Caruso, much of the time, won’t be around for these actions. He’s missed an average of about twenty games per season for a while now, playing less than thirty minutes in those. And this is probably more than he would’ve seen the floor, if he were on a better team. The Chicago Bulls, clawing their way just out of the basement and into play-in purgatory, relied heavily on a frequently hampered Caruso. And it makes sense that they did, because he’s one of the best closers in the game, seemingly compiling a nightly mental report for the first 40 minutes before executing its findings in the final eight, taking the ball away from the other team with ease.

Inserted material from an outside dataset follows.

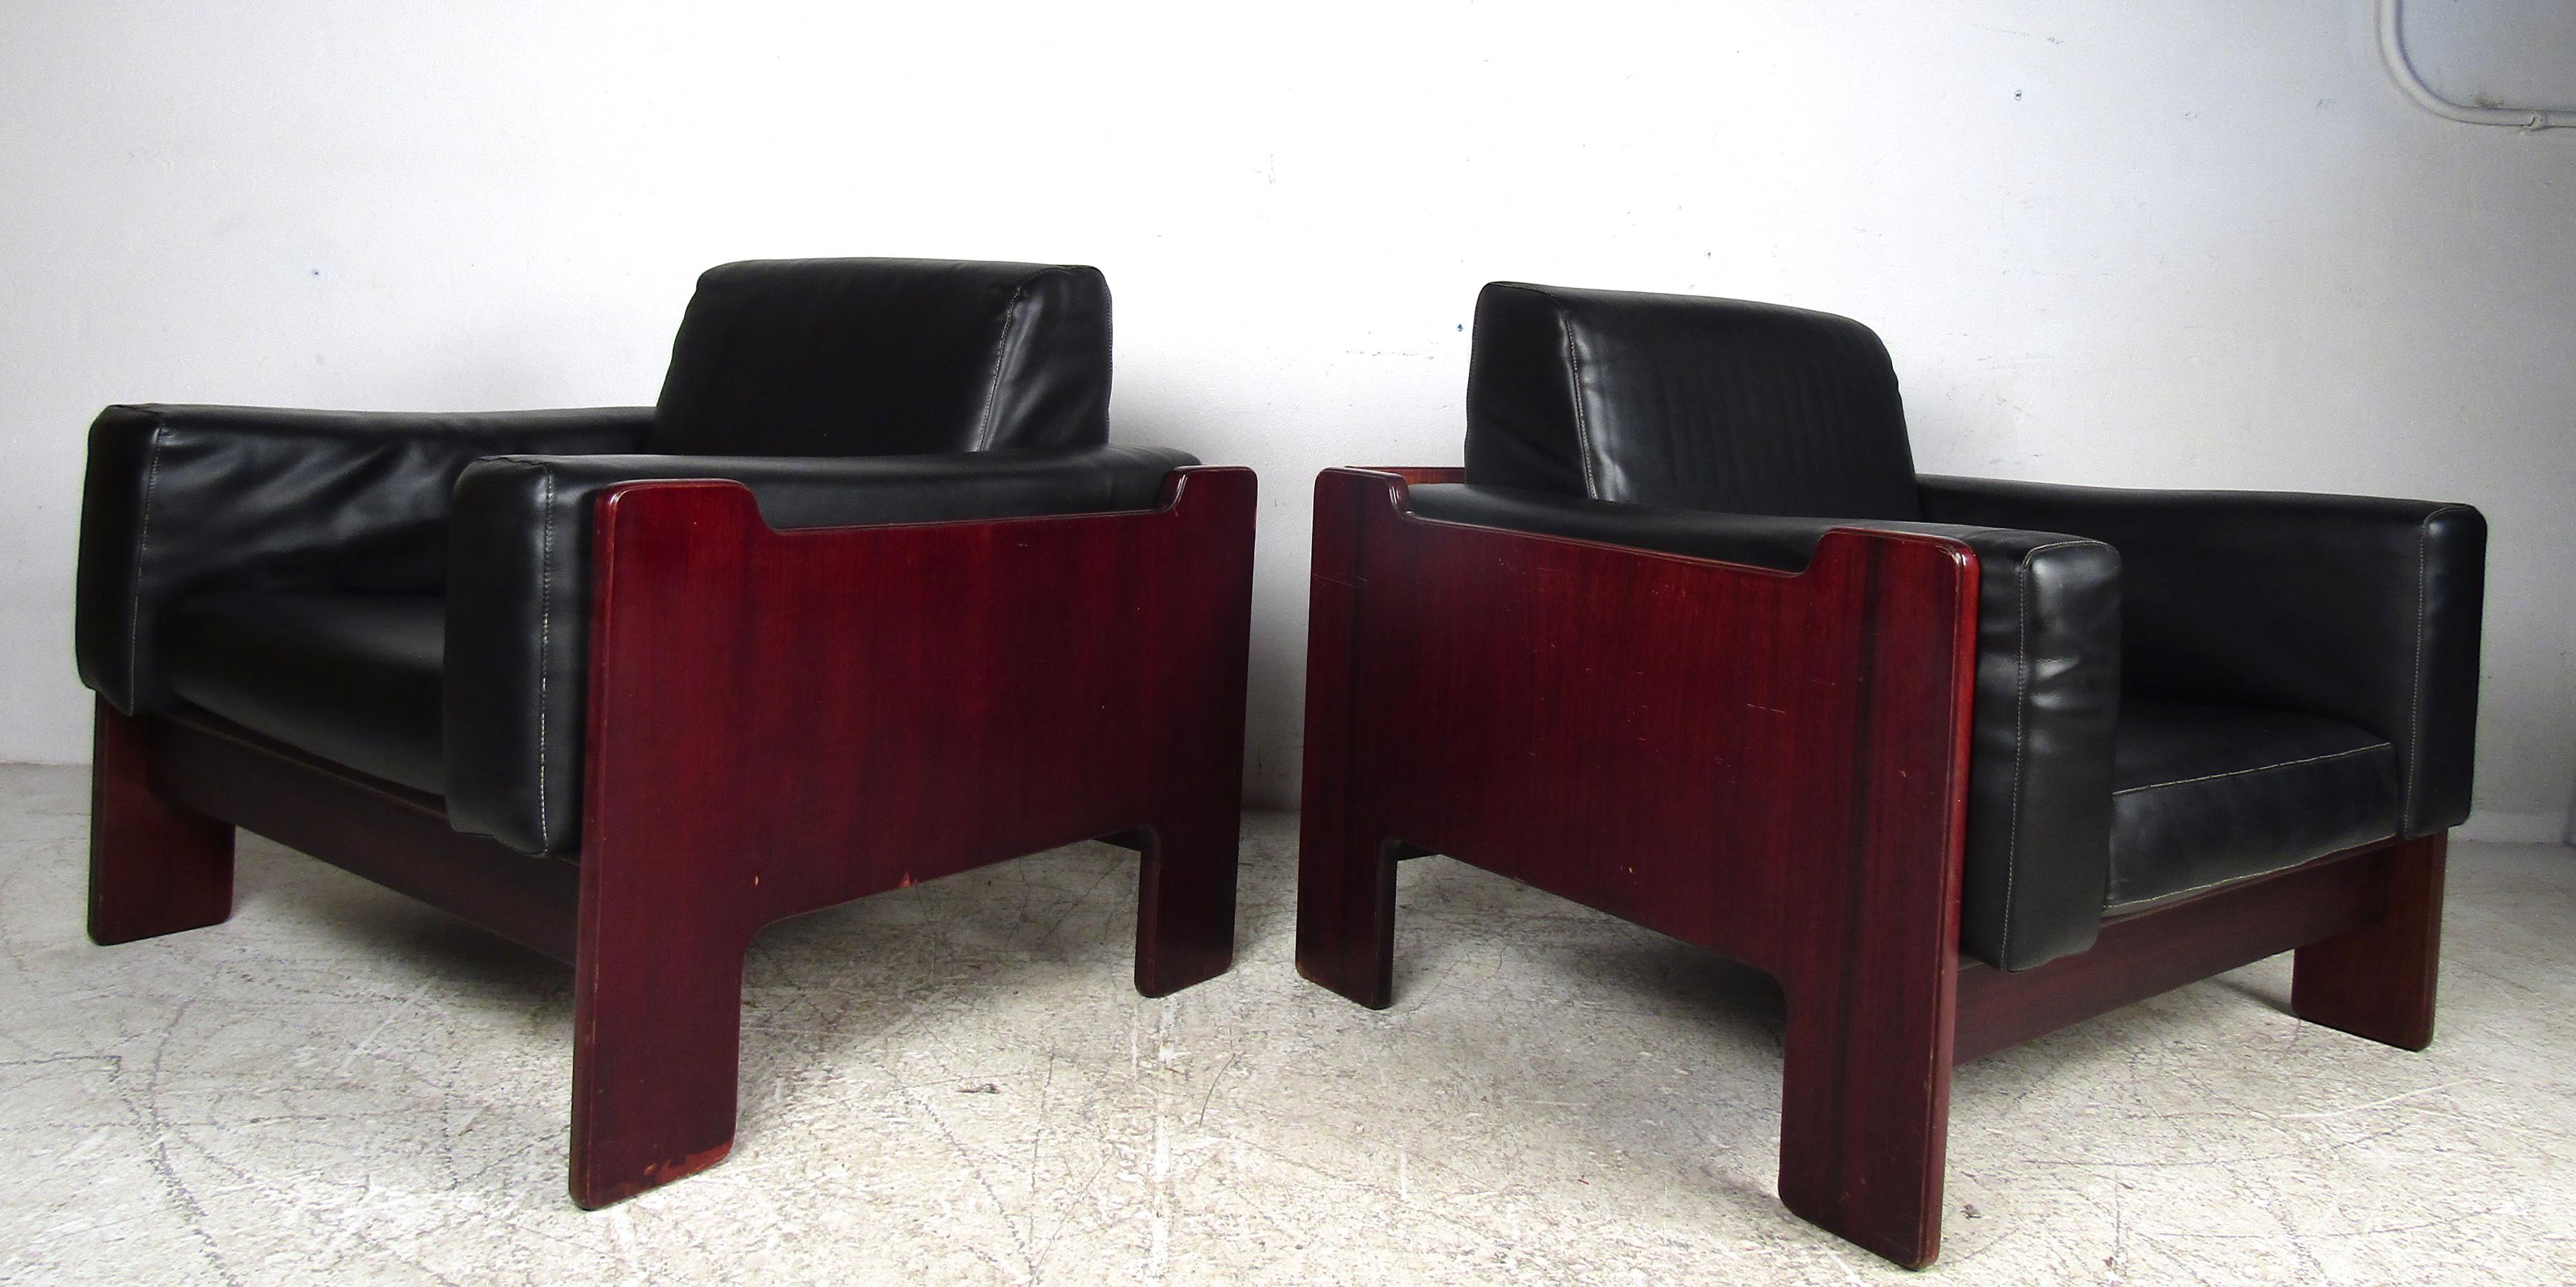 Dieses atemberaubende Paar Mid-Century Modern Lounge Chairs hat eine bequeme Würfelform mit übergepolsterten, abnehmbaren Kissen, die mit schwarzem Vinyl bezogen sind. Ein elegantes und robustes Design, das in jeder modernen Einrichtung einen

The Thunder are good enough without Caruso that they’ll enable him to apply this strategic framework to the brutal run that is 82 games followed by two months of do-or-die playoff basketball. He can stay on ice and preserve his red-eyed defensive instincts, rough on the body to enact, most of the season. He can be their Mariano Rivera, never over-tasked or over-burdened. It is, really, a perfect fit. And should Caruso look elsewhere when his contract expires after the season, he will have been an appropriate tutor to Gilgeous-Alexander and Cason Wallace—already excellent and promising point-of-attack defenders, respectively, who can elevate to yet another level in the Caruso dojo.
Even more important than OKC’s veteran pick-ups, though, is the long-term planning that’s been going on. Holmgren is due to explode into All-Star territory, a domain that Jalen Williams was just shy of last year, his second season. Wallace, too, has room to grow after a tantalizing rookie campaign. And should any of their growing talent get too expensive, the Thunder have Nikola Topic resting for a season with a torn ACL after they selected him at No. 12 overall in the 2024 NBA Draft. Projected as a top-three pick for much of the past year, Topic sank after getting hurt, but the Thunder know as well as any franchise that today’s reclamation project is tomorrow’s saving grace (Gilgeous-Alexander, once merely a promising prospect in the Paul George trade, is now an MVP candidate).
In a newly restrictive NBA that more or less punishes teams for being good, there is no way forward into consistent contention without perennial youth development. The Thunder are young as hell right now, and already as good as anyone, but their clock is also already ticking. Soon, they will still be young, both biologically and spiritually, but the financial realities of their profession will saddle their ascendant players with numbers that evoke the struggle of middle age. Their general manager Sam Presti has been here before. Remember when Kevin Durant, Russell Westbrook, and James Harden were all on the same team?
If you follow this team at all, this column is hardly the first place you’ve seen their current young core compared to that one, taken apart more than a decade ago. Presti is, one would think, ready for the complications ahead, in a landscape even more onerous than the one in which he traded Harden away. That’s why, in addition to continually adding through the draft, he’s also been unforgiving on the trade market. Right now, OKC still owns several upcoming first-round draft picks they acquired from other teams—a ridiculously plush circumstance for a squad that could absolutely win the 2025 NBA championship. So yes, it’s going to be a good year for the Thunder. Potentially their best ever. But it also looks very much like it’s going to be a good decade.